=== DATA EXTRACT ===
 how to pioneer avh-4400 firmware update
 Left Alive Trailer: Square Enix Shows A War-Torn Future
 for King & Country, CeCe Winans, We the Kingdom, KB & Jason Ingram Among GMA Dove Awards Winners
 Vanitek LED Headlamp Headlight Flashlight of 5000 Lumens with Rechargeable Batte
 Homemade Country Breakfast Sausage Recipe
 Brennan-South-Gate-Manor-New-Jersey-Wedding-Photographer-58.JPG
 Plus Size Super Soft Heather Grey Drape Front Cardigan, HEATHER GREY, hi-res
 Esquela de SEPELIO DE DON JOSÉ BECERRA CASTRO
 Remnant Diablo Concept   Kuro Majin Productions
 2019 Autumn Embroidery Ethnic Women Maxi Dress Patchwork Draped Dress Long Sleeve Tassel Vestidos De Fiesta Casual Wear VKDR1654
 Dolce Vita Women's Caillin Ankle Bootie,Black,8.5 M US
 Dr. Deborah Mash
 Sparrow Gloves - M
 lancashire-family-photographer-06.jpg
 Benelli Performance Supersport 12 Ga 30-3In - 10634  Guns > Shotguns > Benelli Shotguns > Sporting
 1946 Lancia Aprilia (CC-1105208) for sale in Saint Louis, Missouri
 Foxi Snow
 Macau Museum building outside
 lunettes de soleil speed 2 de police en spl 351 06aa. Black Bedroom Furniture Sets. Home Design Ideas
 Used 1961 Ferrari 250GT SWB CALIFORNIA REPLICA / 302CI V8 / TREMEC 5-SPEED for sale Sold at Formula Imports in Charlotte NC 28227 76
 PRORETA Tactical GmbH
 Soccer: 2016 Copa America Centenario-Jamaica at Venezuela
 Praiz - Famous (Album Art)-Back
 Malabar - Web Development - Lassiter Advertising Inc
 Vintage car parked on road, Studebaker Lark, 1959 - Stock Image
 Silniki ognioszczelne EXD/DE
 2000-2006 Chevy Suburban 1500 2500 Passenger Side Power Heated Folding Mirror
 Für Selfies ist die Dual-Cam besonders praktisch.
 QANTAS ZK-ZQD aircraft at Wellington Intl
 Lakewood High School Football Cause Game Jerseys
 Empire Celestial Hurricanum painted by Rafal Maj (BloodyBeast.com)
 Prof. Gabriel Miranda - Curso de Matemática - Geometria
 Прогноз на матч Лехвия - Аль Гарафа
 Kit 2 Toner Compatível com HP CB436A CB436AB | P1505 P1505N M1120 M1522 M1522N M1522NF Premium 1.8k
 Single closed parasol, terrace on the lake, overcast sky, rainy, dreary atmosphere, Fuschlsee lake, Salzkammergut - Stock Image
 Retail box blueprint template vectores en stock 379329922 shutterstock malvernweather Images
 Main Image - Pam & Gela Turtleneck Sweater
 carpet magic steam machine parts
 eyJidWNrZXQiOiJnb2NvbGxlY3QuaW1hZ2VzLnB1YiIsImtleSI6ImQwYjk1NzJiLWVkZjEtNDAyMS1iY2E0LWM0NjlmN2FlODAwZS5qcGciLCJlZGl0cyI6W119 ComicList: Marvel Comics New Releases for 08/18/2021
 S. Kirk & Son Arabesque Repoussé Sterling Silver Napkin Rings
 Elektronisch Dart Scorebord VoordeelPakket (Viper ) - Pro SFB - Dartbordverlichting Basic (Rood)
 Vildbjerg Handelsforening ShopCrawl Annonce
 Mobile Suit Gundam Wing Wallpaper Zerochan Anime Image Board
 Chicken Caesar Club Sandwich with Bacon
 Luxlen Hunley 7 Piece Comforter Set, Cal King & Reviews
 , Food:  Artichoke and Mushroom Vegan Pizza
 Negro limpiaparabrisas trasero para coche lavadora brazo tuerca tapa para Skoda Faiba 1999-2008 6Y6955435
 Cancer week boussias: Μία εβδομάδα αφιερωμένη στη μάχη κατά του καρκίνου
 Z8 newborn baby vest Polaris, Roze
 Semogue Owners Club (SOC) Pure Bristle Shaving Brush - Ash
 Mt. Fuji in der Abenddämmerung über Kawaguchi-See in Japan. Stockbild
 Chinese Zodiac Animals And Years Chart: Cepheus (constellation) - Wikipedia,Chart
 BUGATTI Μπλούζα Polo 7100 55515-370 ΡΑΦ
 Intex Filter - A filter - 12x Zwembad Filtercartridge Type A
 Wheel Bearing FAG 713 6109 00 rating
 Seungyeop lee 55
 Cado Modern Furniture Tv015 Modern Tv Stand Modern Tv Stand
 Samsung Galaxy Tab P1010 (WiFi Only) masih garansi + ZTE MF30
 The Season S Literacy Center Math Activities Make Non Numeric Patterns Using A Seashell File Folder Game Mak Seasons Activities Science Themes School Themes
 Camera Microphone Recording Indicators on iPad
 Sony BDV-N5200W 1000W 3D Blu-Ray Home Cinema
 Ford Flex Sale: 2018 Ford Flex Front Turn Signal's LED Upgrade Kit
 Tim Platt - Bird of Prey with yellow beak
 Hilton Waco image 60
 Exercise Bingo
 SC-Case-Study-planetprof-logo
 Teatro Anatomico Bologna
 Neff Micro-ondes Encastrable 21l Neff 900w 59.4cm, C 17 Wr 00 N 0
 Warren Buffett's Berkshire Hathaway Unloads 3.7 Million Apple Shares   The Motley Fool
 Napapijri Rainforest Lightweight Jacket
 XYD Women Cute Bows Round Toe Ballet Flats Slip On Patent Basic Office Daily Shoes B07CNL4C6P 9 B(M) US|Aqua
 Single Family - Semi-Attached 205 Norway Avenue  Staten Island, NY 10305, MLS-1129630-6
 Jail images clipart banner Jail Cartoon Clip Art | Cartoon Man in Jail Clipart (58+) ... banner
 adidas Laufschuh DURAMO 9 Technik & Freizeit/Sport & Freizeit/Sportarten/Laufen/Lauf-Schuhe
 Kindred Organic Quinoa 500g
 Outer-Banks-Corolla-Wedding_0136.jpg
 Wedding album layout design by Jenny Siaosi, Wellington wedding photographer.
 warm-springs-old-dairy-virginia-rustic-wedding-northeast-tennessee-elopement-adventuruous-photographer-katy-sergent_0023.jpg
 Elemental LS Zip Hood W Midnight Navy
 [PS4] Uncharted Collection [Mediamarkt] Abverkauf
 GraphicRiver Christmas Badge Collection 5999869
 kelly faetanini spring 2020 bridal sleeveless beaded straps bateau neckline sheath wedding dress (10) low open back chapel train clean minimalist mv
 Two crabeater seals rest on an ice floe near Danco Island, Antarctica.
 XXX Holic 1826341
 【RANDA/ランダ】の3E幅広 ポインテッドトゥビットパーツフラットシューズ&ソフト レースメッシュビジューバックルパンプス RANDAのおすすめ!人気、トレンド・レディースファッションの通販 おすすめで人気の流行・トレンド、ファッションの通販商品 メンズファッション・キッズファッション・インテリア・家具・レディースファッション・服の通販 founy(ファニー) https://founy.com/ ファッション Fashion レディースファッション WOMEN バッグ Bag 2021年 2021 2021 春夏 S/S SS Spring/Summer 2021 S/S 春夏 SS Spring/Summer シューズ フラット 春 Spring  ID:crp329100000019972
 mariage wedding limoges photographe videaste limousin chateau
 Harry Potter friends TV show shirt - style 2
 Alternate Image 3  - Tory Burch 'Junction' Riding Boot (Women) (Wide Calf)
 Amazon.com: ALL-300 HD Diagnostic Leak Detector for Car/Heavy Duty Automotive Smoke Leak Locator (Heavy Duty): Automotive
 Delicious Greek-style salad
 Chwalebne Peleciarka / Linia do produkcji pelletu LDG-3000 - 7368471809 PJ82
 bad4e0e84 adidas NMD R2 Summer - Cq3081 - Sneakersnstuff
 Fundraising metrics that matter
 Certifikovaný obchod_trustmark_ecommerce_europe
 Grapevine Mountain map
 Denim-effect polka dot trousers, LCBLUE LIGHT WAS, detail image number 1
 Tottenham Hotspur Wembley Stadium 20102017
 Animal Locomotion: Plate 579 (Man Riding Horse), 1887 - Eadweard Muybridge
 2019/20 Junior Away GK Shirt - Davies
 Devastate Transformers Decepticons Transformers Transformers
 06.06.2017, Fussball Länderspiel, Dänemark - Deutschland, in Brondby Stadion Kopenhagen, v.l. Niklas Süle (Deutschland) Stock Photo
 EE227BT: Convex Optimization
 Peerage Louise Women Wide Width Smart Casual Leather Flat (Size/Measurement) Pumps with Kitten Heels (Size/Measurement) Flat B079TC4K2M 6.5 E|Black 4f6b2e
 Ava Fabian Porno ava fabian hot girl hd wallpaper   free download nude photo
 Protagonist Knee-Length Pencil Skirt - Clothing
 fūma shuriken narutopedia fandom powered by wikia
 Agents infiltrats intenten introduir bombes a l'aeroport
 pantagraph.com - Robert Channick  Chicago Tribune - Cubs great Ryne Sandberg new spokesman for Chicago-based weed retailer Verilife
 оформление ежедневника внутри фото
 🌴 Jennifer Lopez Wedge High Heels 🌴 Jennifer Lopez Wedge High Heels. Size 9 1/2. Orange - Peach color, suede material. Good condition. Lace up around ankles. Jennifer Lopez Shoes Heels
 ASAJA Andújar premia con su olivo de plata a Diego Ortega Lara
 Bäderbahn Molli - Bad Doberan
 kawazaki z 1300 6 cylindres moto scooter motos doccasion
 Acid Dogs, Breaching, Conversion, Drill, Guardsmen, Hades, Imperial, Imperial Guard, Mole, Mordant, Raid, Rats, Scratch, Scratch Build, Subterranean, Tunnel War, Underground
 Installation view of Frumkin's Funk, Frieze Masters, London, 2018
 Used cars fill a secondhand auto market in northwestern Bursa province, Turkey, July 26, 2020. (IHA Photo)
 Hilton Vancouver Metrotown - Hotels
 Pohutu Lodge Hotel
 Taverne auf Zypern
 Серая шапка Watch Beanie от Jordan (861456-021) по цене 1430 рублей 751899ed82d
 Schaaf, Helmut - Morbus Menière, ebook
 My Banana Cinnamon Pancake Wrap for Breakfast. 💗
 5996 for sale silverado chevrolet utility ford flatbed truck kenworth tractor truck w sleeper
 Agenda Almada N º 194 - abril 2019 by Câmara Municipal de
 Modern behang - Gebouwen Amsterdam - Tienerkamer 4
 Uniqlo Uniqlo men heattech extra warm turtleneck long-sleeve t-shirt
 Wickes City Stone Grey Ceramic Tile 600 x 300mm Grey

=== YOUR ASSIGNMENT ===
Reproduce the lines of the entries above from the one with "Dr. Deborah Mash" to the one with "Releases for 08/18/2021", both included, exactly and without any other line.

=== REPLY TO THE TASK ===
 Dr. Deborah Mash
 Sparrow Gloves - M
 lancashire-family-photographer-06.jpg
 Benelli Performance Supersport 12 Ga 30-3In - 10634  Guns > Shotguns > Benelli Shotguns > Sporting
 1946 Lancia Aprilia (CC-1105208) for sale in Saint Louis, Missouri
 Foxi Snow
 Macau Museum building outside
 lunettes de soleil speed 2 de police en spl 351 06aa. Black Bedroom Furniture Sets. Home Design Ideas
 Used 1961 Ferrari 250GT SWB CALIFORNIA REPLICA / 302CI V8 / TREMEC 5-SPEED for sale Sold at Formula Imports in Charlotte NC 28227 76
 PRORETA Tactical GmbH
 Soccer: 2016 Copa America Centenario-Jamaica at Venezuela
 Praiz - Famous (Album Art)-Back
 Malabar - Web Development - Lassiter Advertising Inc
 Vintage car parked on road, Studebaker Lark, 1959 - Stock Image
 Silniki ognioszczelne EXD/DE
 2000-2006 Chevy Suburban 1500 2500 Passenger Side Power Heated Folding Mirror
 Für Selfies ist die Dual-Cam besonders praktisch.
 QANTAS ZK-ZQD aircraft at Wellington Intl
 Lakewood High School Football Cause Game Jerseys
 Empire Celestial Hurricanum painted by Rafal Maj (BloodyBeast.com)
 Prof. Gabriel Miranda - Curso de Matemática - Geometria
 Прогноз на матч Лехвия - Аль Гарафа
 Kit 2 Toner Compatível com HP CB436A CB436AB | P1505 P1505N M1120 M1522 M1522N M1522NF Premium 1.8k
 Single closed parasol, terrace on the lake, overcast sky, rainy, dreary atmosphere, Fuschlsee lake, Salzkammergut - Stock Image
 Retail box blueprint template vectores en stock 379329922 shutterstock malvernweather Images
 Main Image - Pam & Gela Turtleneck Sweater
 carpet magic steam machine parts
 eyJidWNrZXQiOiJnb2NvbGxlY3QuaW1hZ2VzLnB1YiIsImtleSI6ImQwYjk1NzJiLWVkZjEtNDAyMS1iY2E0LWM0NjlmN2FlODAwZS5qcGciLCJlZGl0cyI6W119 ComicList: Marvel Comics New Releases for 08/18/2021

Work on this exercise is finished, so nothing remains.